Walk on the wild side. Camminare sul lato selvaggio; non correre, non scappare, proprio camminare, con quella cadenza un po’ sfrontata e un po’ annoiata di chi conosce bene la strada e non ha intenzione di scusarsi per dove sta andando.
Me la sono ritrovata in testa dopo una seduta. Una di quelle sedute in cui succede qualcosa di imprevisto, non di drammatico, per carità, ma di vivo, di inaspettatamente reale. Una di quelle volte in cui senti che si è aperta una porta che stava lì da sempre, solo che nessuno aveva ancora provato a girare la maniglia.

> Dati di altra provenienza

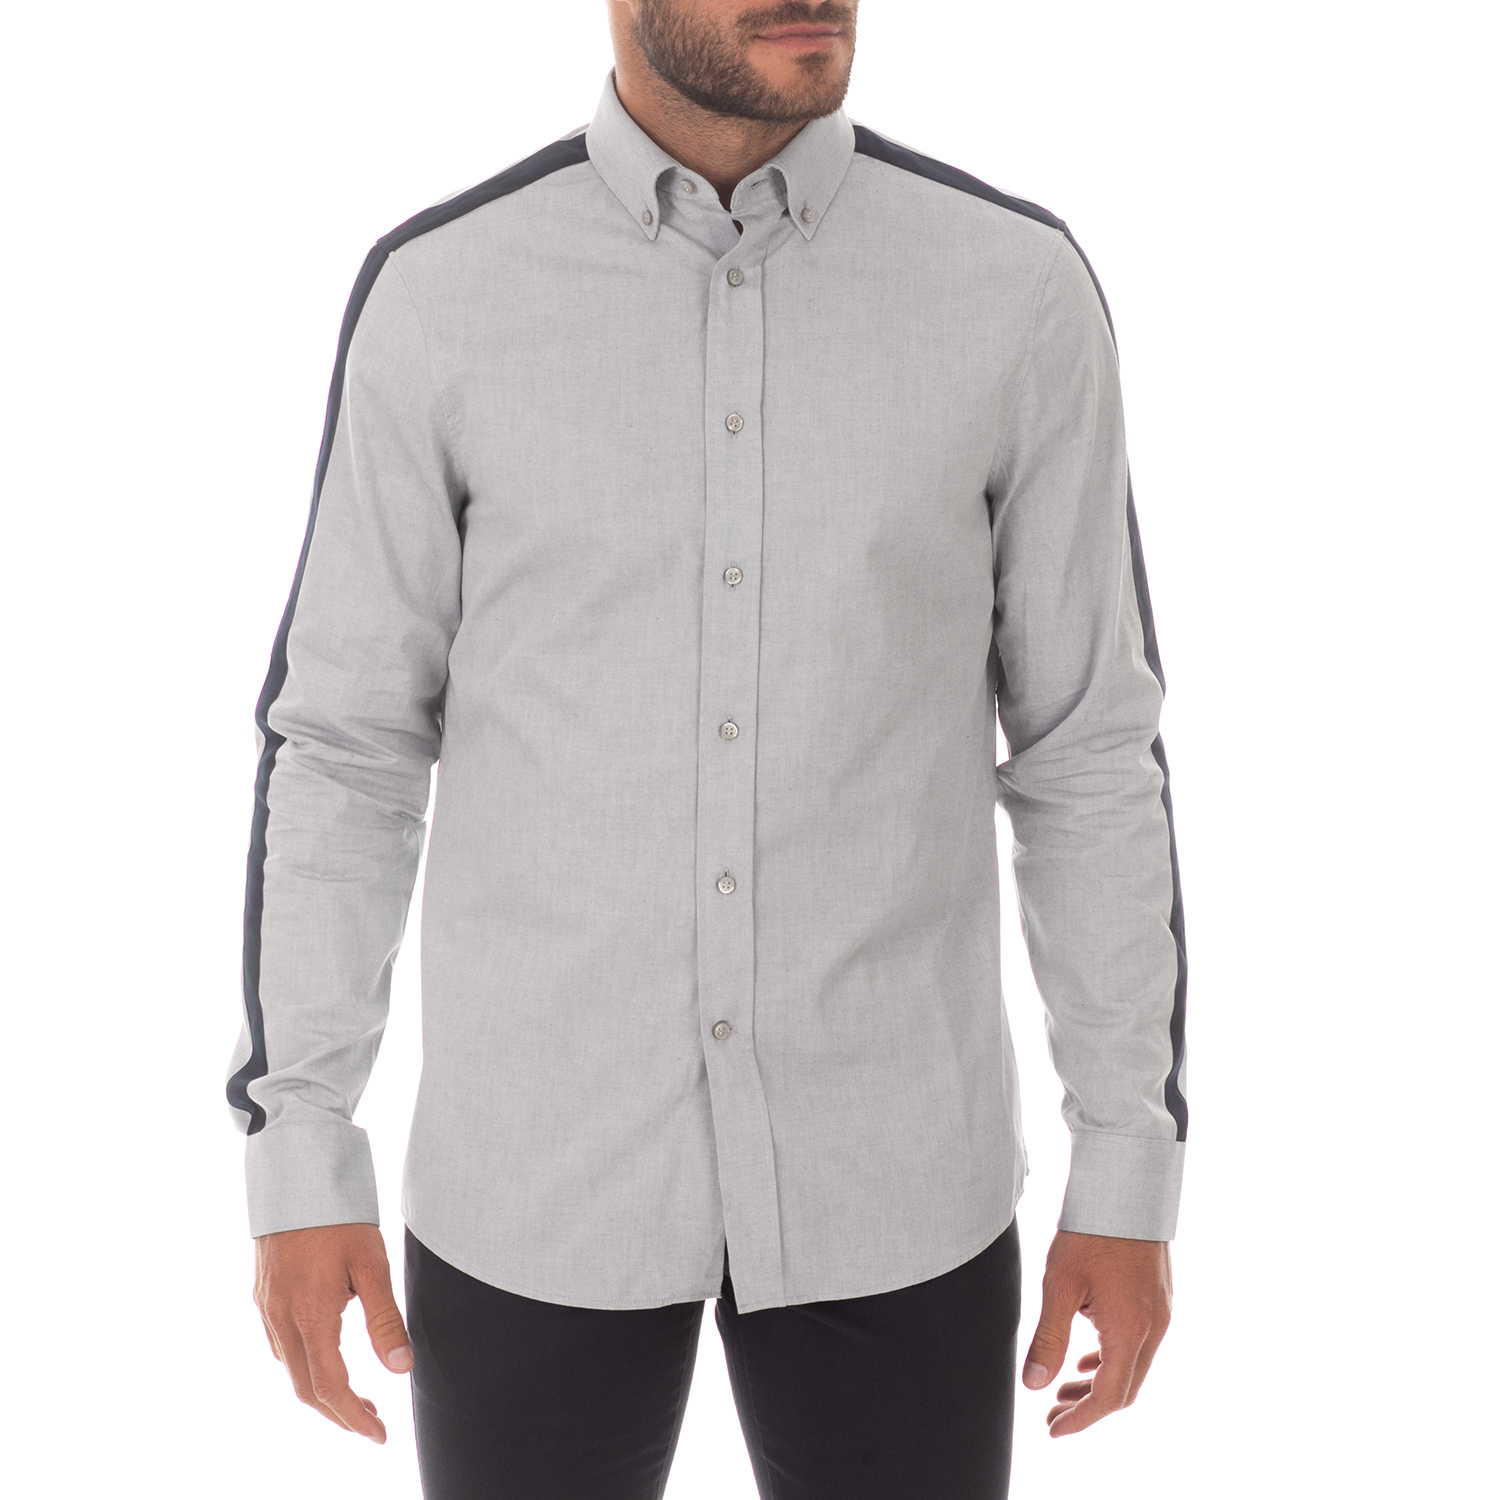 CK - Ανδρικό πουκάμισο CK REFINED OXFORD γκρι Ανδρικά/Ρούχα/Πουκάμισα/Μακρυμάνικα

Non ti racconterò i dettagli, ovviamente ma posso dirti l’essenza, perché l’essenza appartiene a molte di noi, non solo a lei.
Stavo parlando con una donna adulta, posata, molto attenta a scegliere le parole giuste, e a un certo punto è arrivata una crepa — piccola, quasi impercettibile — nella compostezza. Da quella crepa è uscita fuori una voce diversa: più bassa, più graffiante, quasi sorpresa di esistere ancora.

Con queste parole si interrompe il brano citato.